Paper Review:
TCP Congestion Control with a Misbehaving Router

Reviewer: Robert Dugas

Problem

The problem addressed is that of malicious hosts in a trust-based congestion control framework.

Contribution

This paper serves to identify and mitigate the significant risks posed by malicious hosts (receivers) in current TCP deployments.

Main Ideas

Critique

Significance:4
This paper seems to represent the first recognition of trouble with the trust based congestion control mechanisms utilized by TCP. Not only does it underscore the significance of these such attacks, but also describes the general shift toward the deployment of adversarial rather than trust-based schema.

Methodology:
The primary methodology used by the paper is do enumerate various points in the tcp congestion control protocol at which vulnerabilities can be exploited.
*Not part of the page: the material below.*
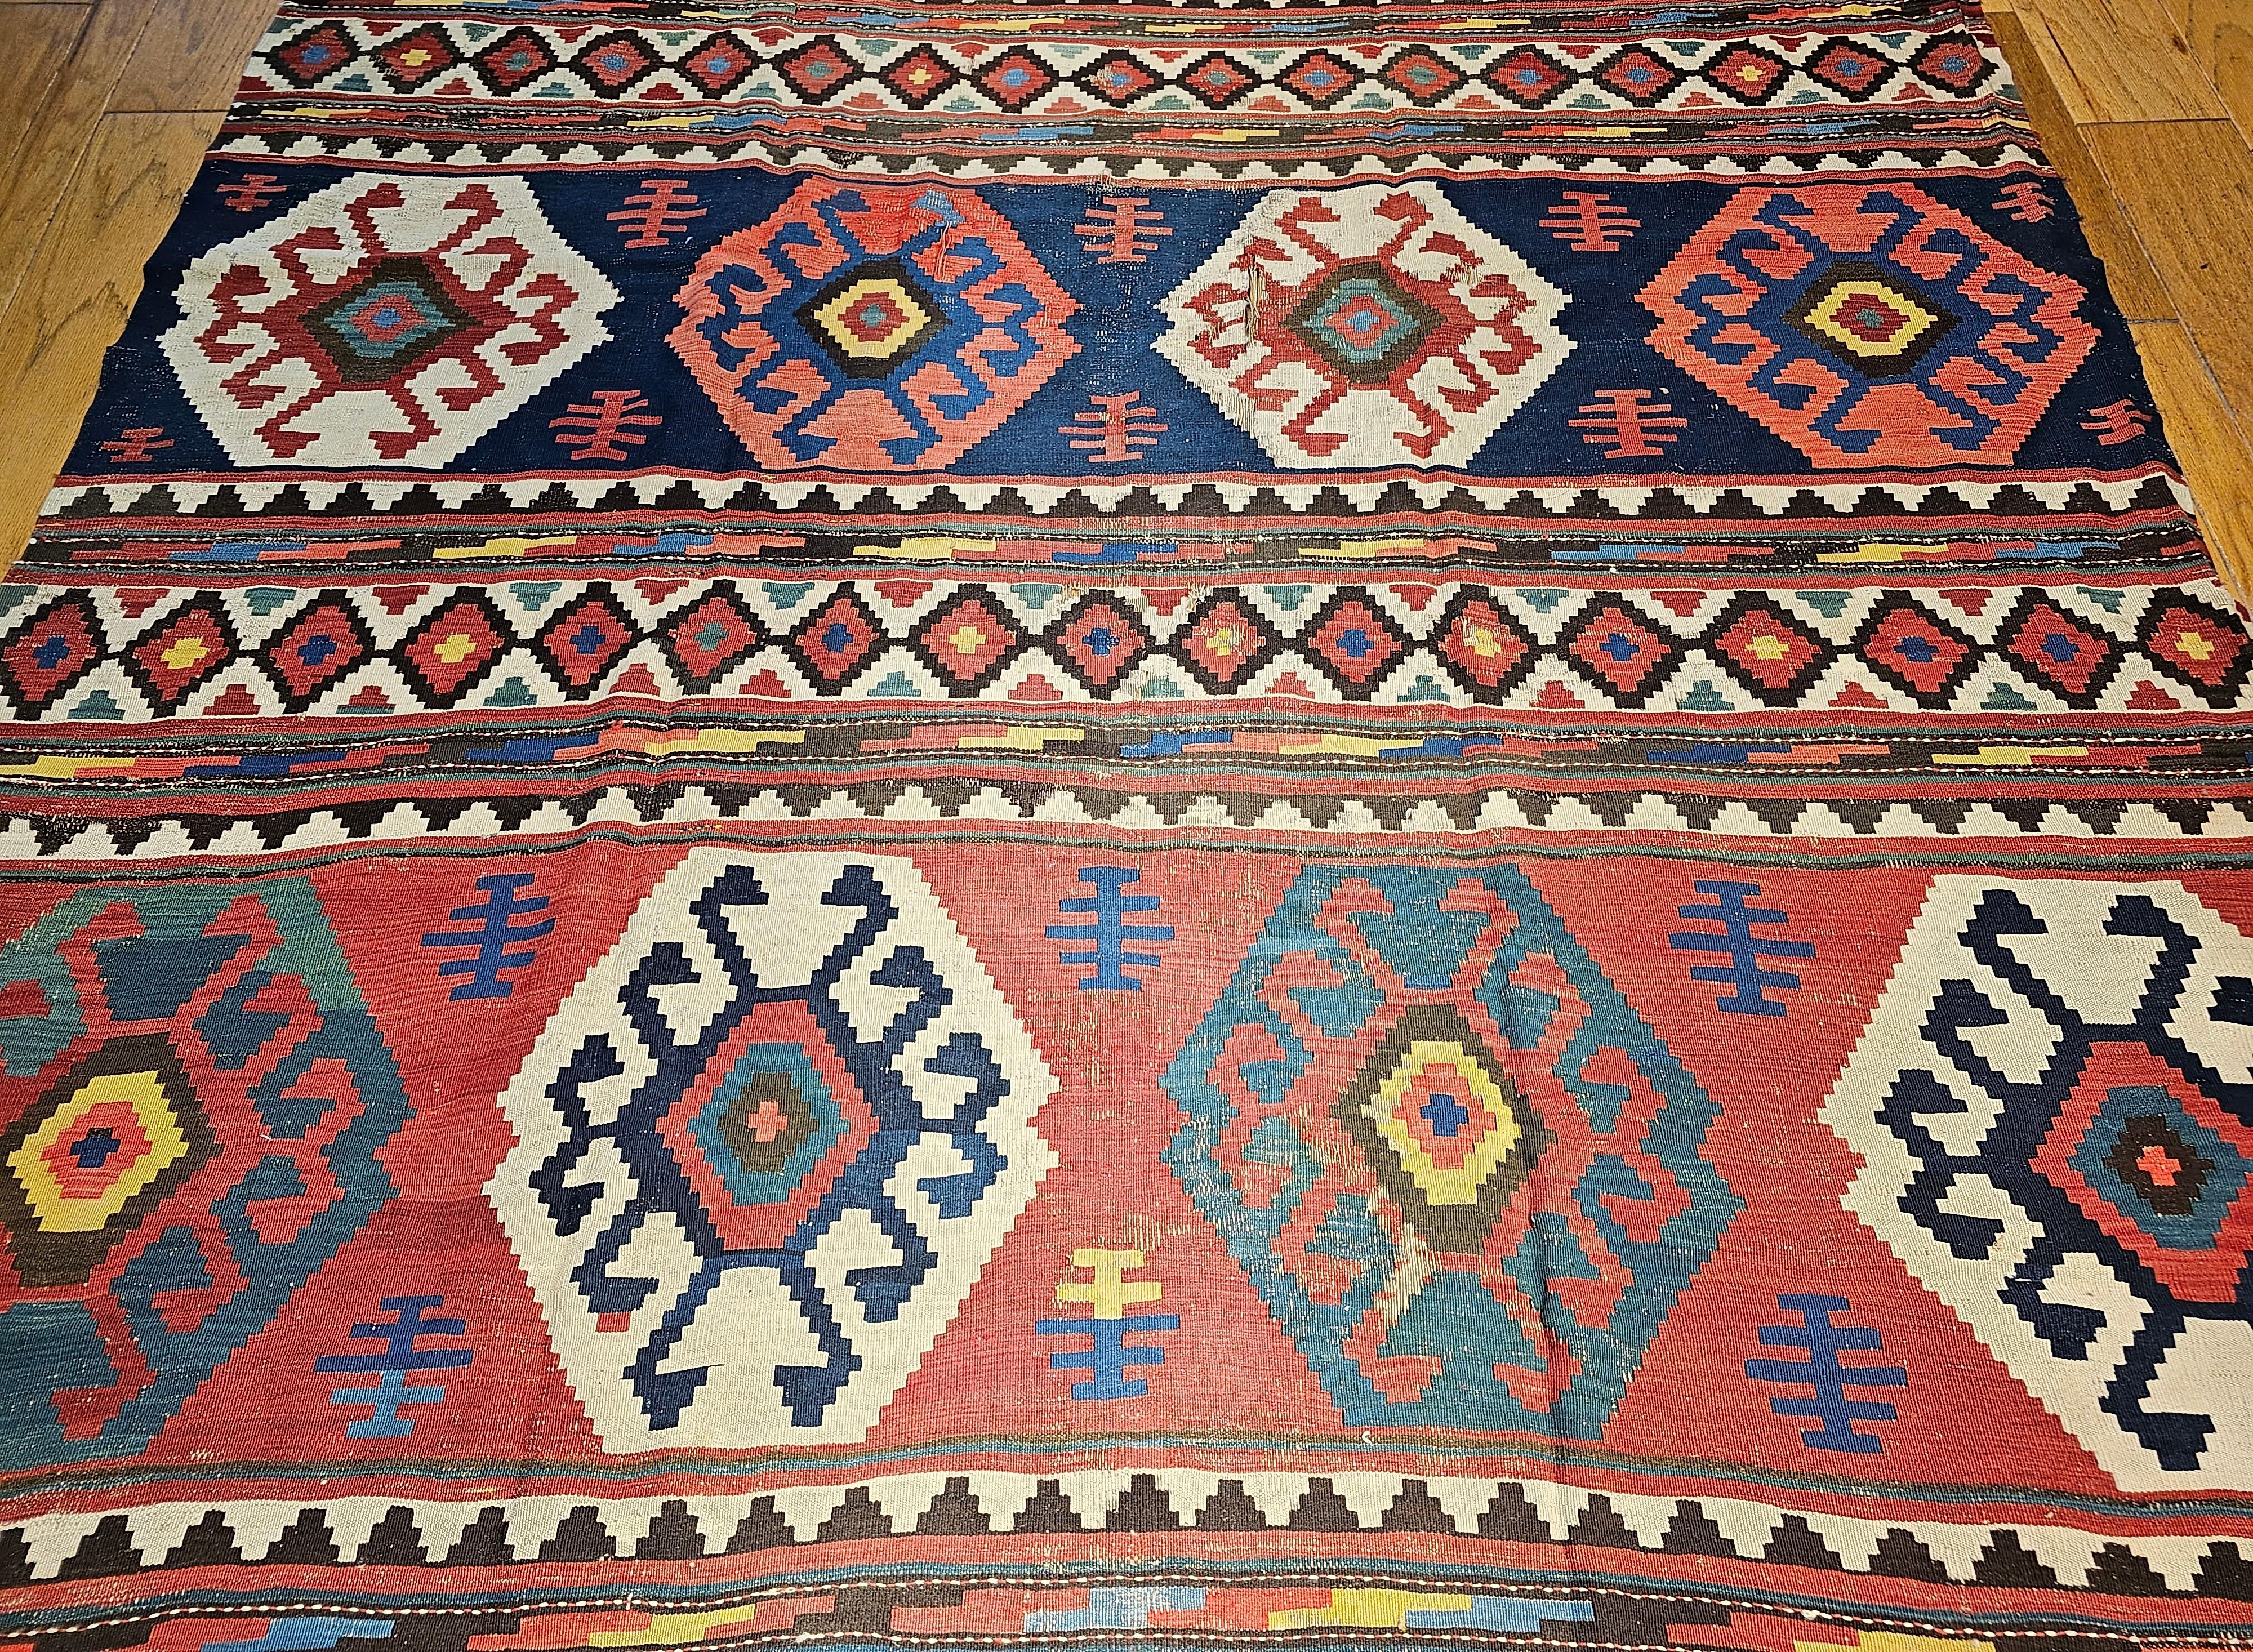 Vintage Caucasian Kazak Room Size Kilim in Blue, Green, Pink, Ivory, Navy In Good Condition For Sale In Barrington, IL

Testing is then conducted to show the drastic nature of the flaws, and nmap probing reveals the extent to which vulnerabilities exist.

Limitation:
The applicability of the problems and solutions in this paper are limited only by users' inclinations to play by the rules. That is to say, there are virtually no limitations.

Lessons:
The primary take-away from this paper I believe is to recognize the sea change in thinking about transactions on the internet. No longer can cooperation be safely considered the norm, instead one must assume malious users and design accordingly.